3. Implikasi kita sebagai orang yang telah mengalami pembebasan dan pemulihan adalah menjadi Imam Tuhan dan pelayan Allah “Tetapi kamu akan disebut imam TUHAN dan akan dinamai pelayan Allah kita.”(ay.6)
Menjadi imam berarti menjadi mediator atau pembawa kebenaran dan keadilan Allah di tengah dunia. Sebagai pelayan Allah artinya menjadi hamba-Nya (doulos) dan hanya menghambakan dan mengabdikan diri kepada-Nya serta demi kemuliaan nama-Nya dengan menyuarakan dan mewujudkan kebenaran dan keadilan-Nya.
Menjadi imam dan pelayan Allah muflak mencitai kehendak-Nya. “Sebab Aku, TUHAN, mencintai hukum, dan membenci perampasan dan kecurangan;
4. Adanya hukum dan peraturan adalah berkah bagi manusia. Sebab itu hukum atau peraturan hendaknya dipakai untuk melayani sesama dan dilaksanakan secara benar supaya memberikan keadilan sosial serta syalom bagi kehidupan bersama.
Sebab, ”TUHAN, mencintai hukum, dan membenci perampasan dan kecurangan,“ (ay.8.a)
5. Mengingat masalah-masalah ketimpangan hukum dan ketidakadilan sosial masih terjadi di sekitar kita, maka seyogyanya gereja tidak boleh `diam’ atau `ikut arus” atas ketimpangan hukum dan ketidakadilan terjadi.
Gereja hendaknya setia melaksanakan panggilan iman sebagai pemberita kebebasaan, dengan tidak hanya menyampaikan kasih dan kebenaran secara verbal dari mimbar gereja, tapi juga berperan aktif memperdulikan sesama melalui karyakarya diakonia yang nyata.

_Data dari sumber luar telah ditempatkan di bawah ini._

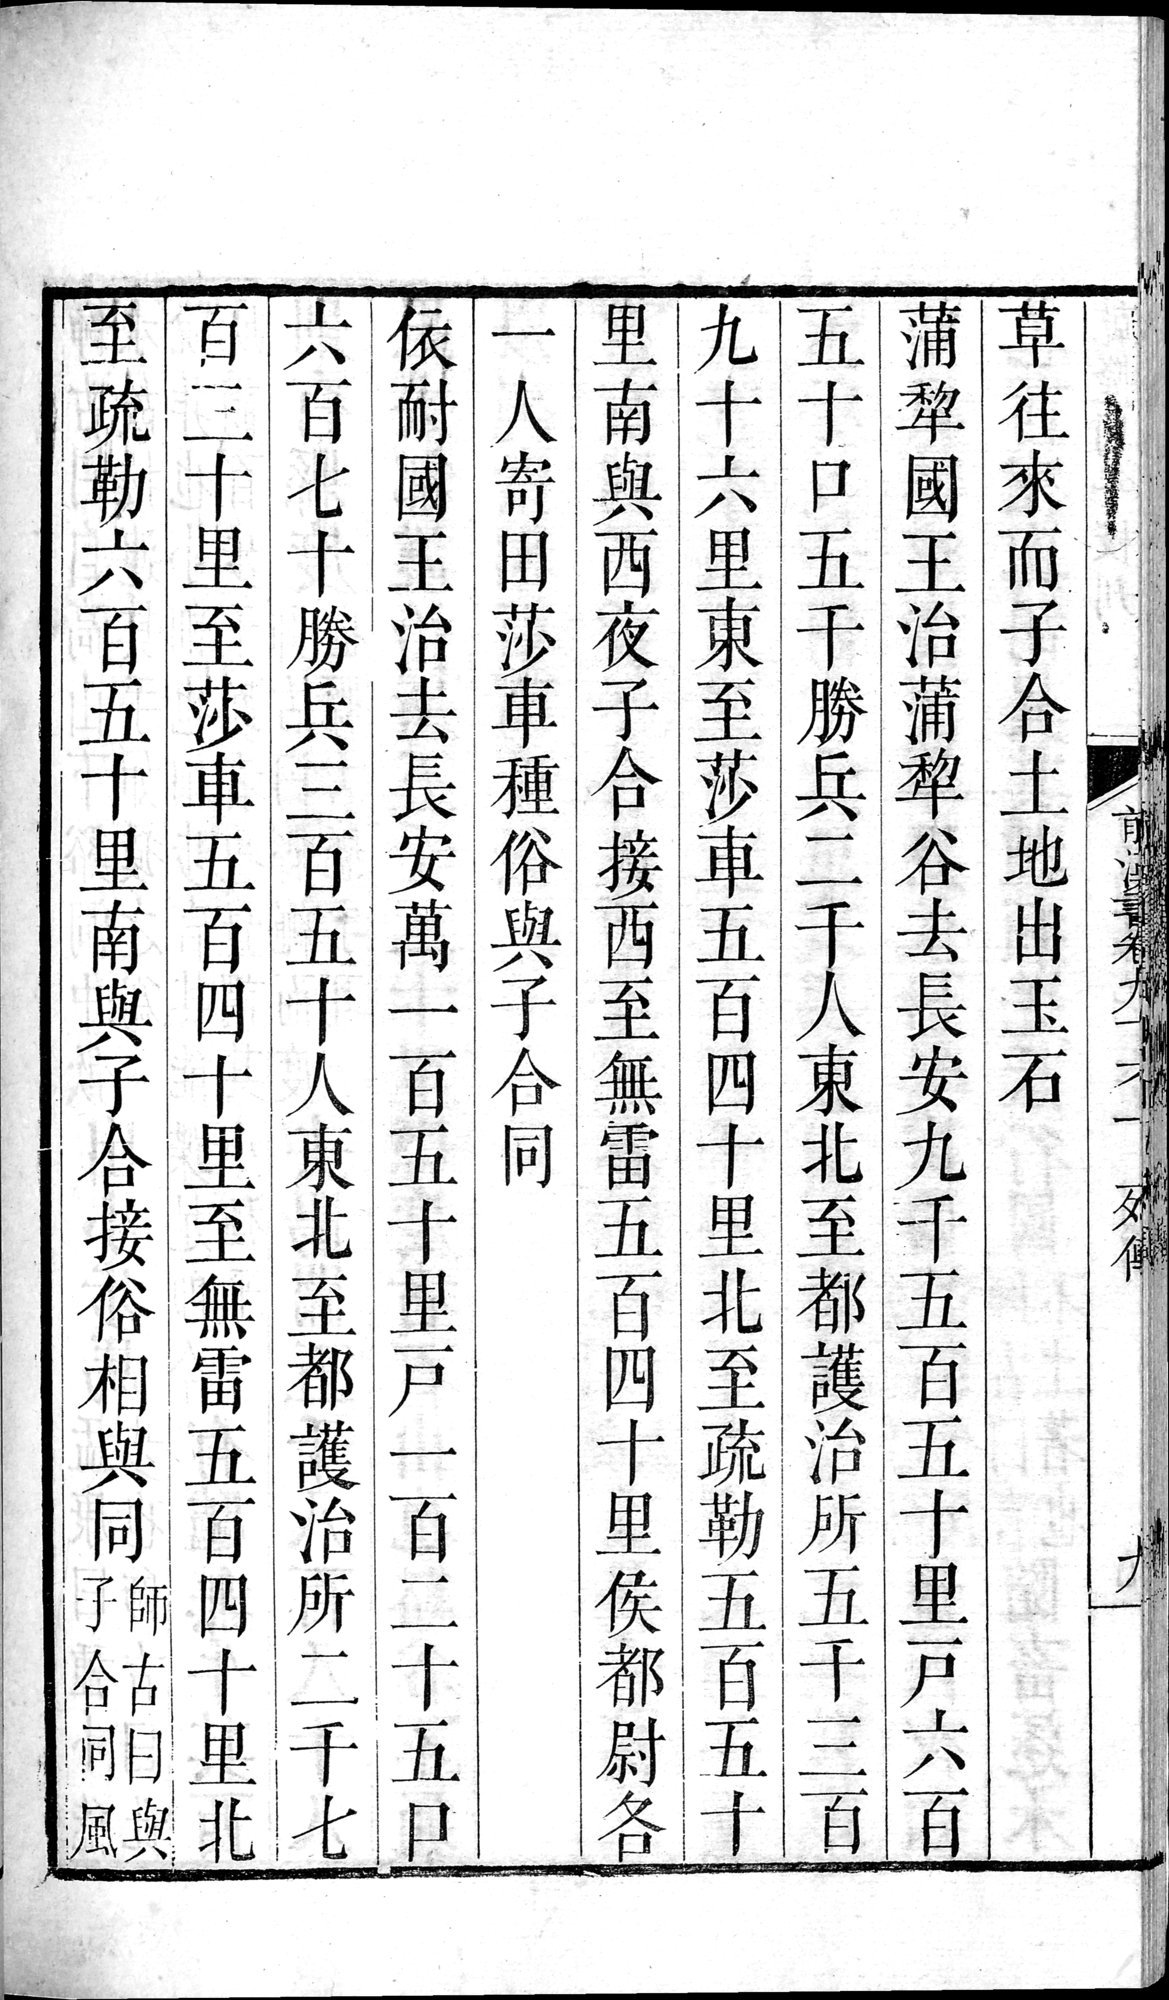 前漢書 : vol.96 top / Page 18 (Grayscale High Resolution Image)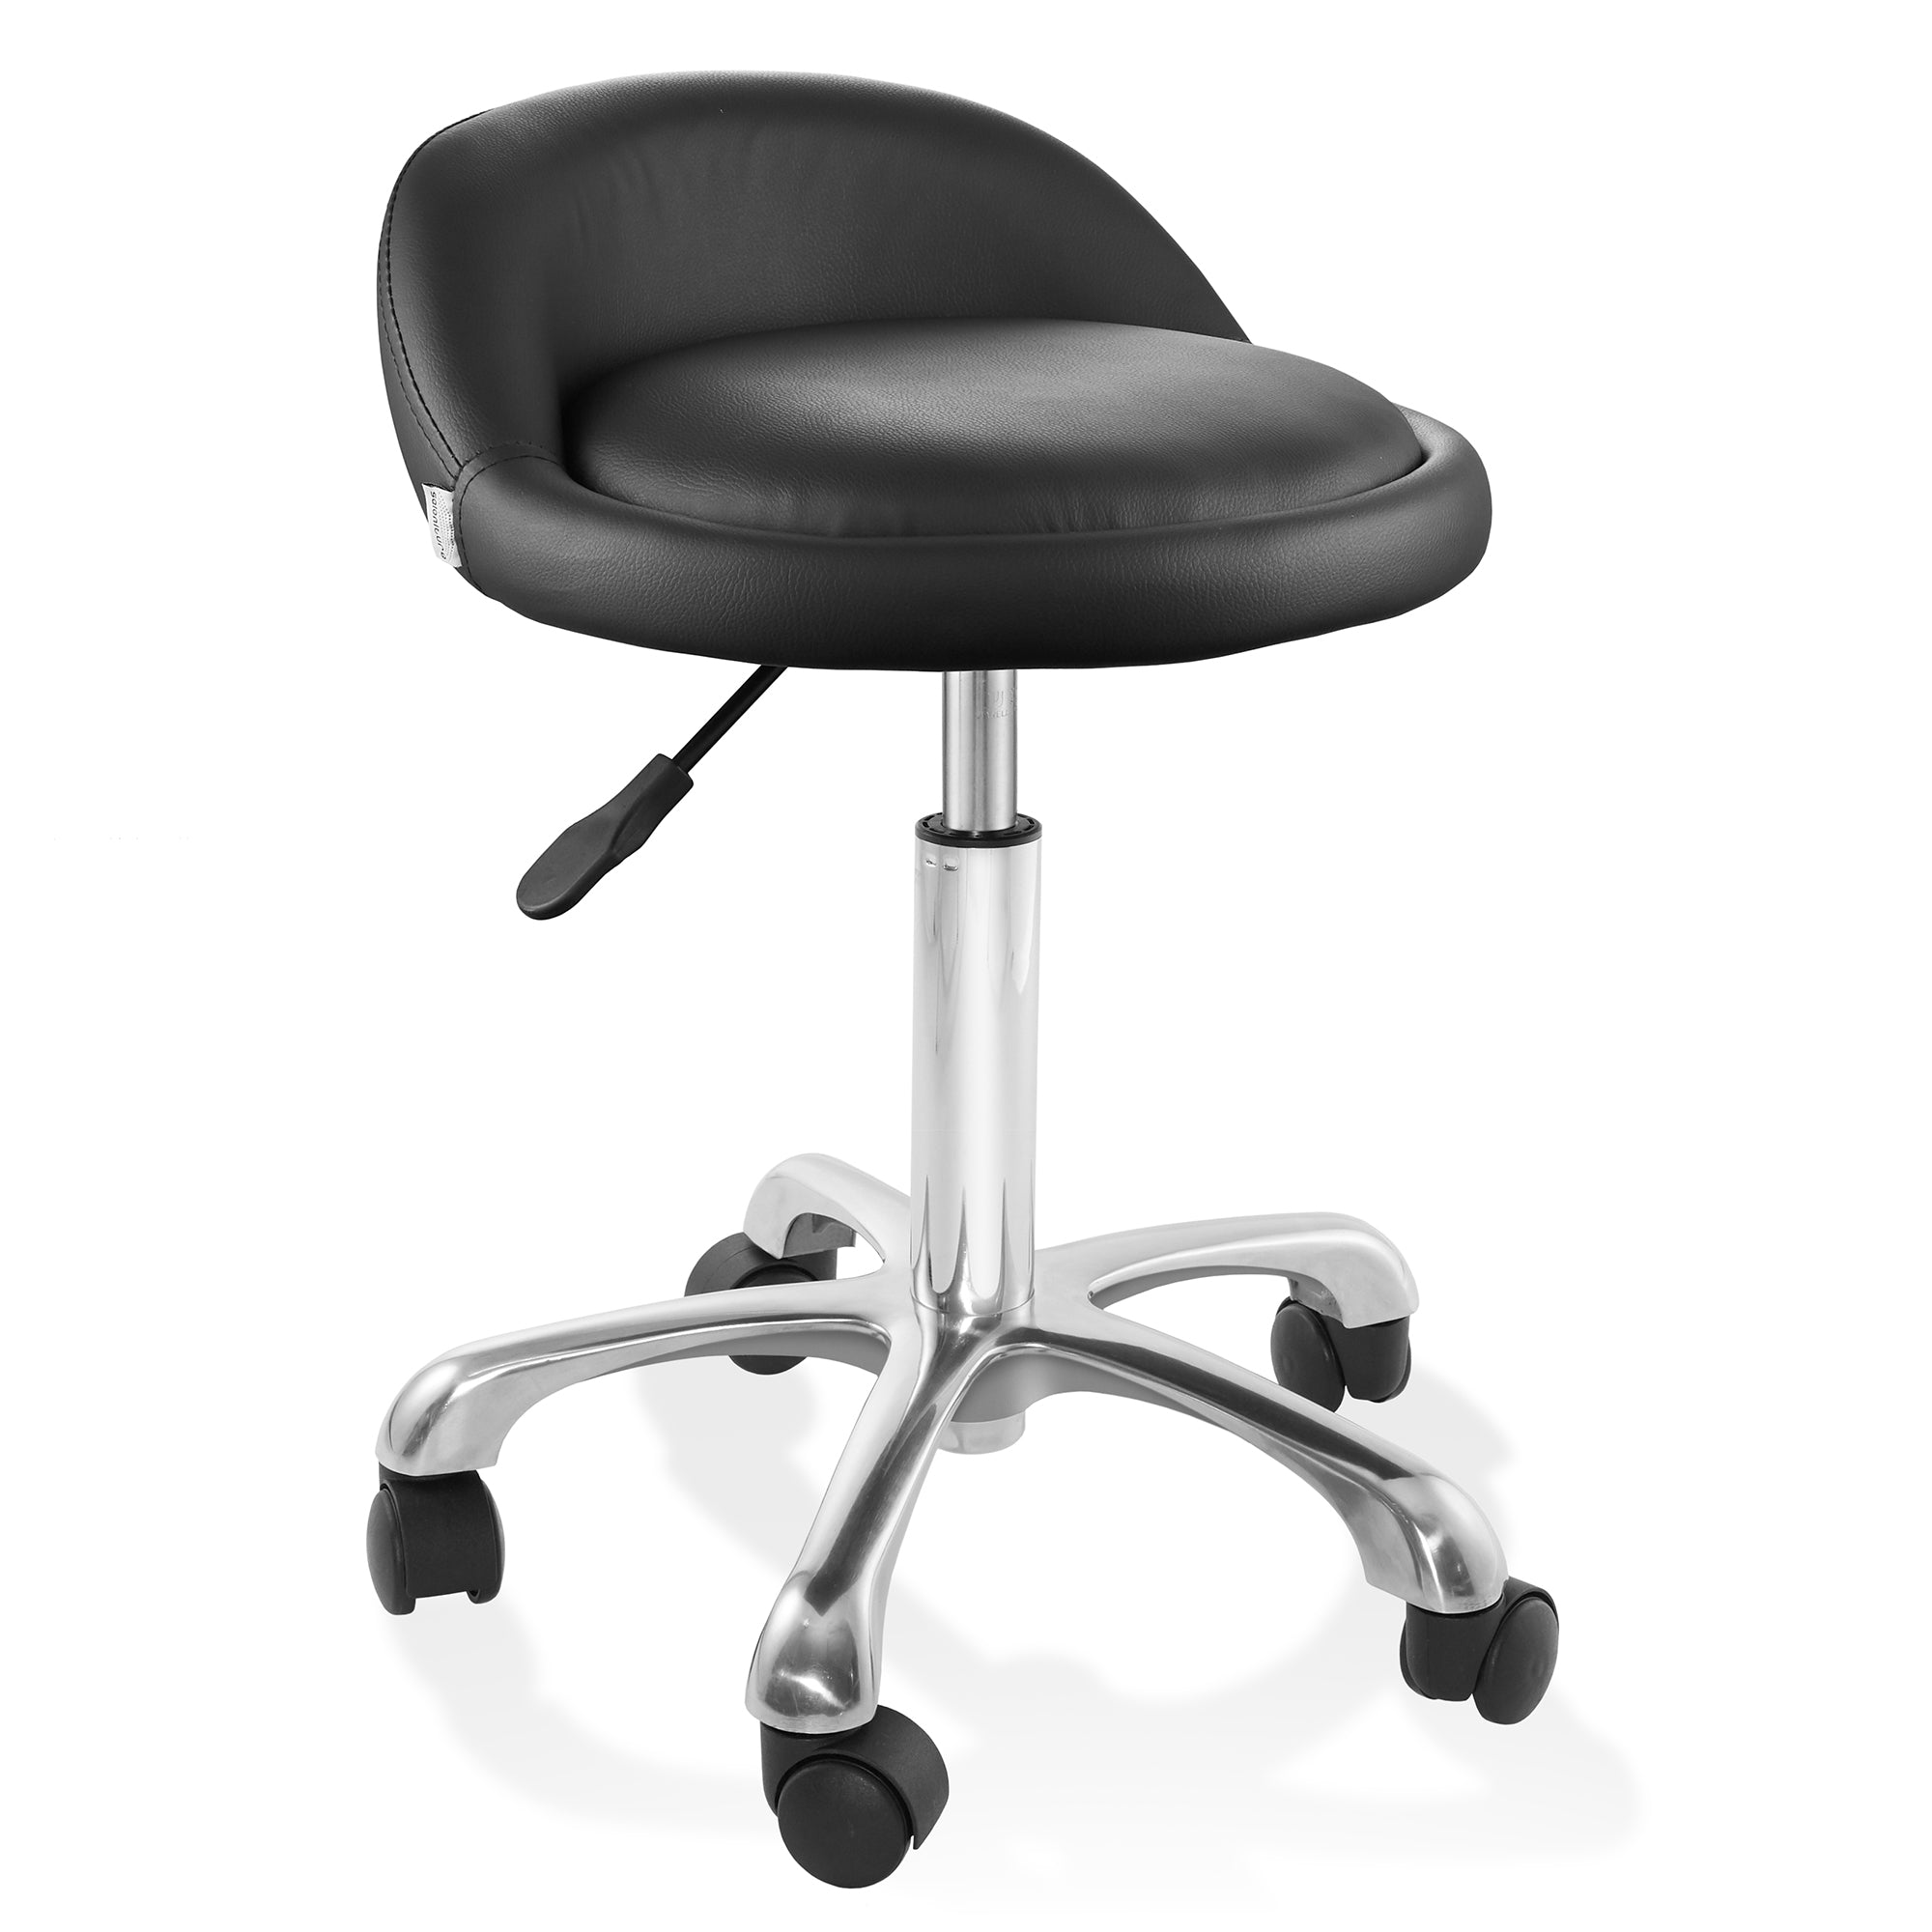 OPEN BOX - Adjustable Rolling Swivel Stool Salon Chair w/ Low Backrest - Black

6. Relevansi tentang Hari Pembalasan Tuhan dan Tahun Rahmat Tuhan bagi gereja masa kini, bahwa dua peristiwa ini memberi makna tentang Allah yang sungguh peduli akan kebebasan dari orang-orang yang sengsara, miskin dan tertindas.
Tetapi juga Allah yang akan menghukum orangorang yang menolak kehendak-Nya dan yang senang dengan kesewenang-wenangan serta tidak adil terhadap sesama.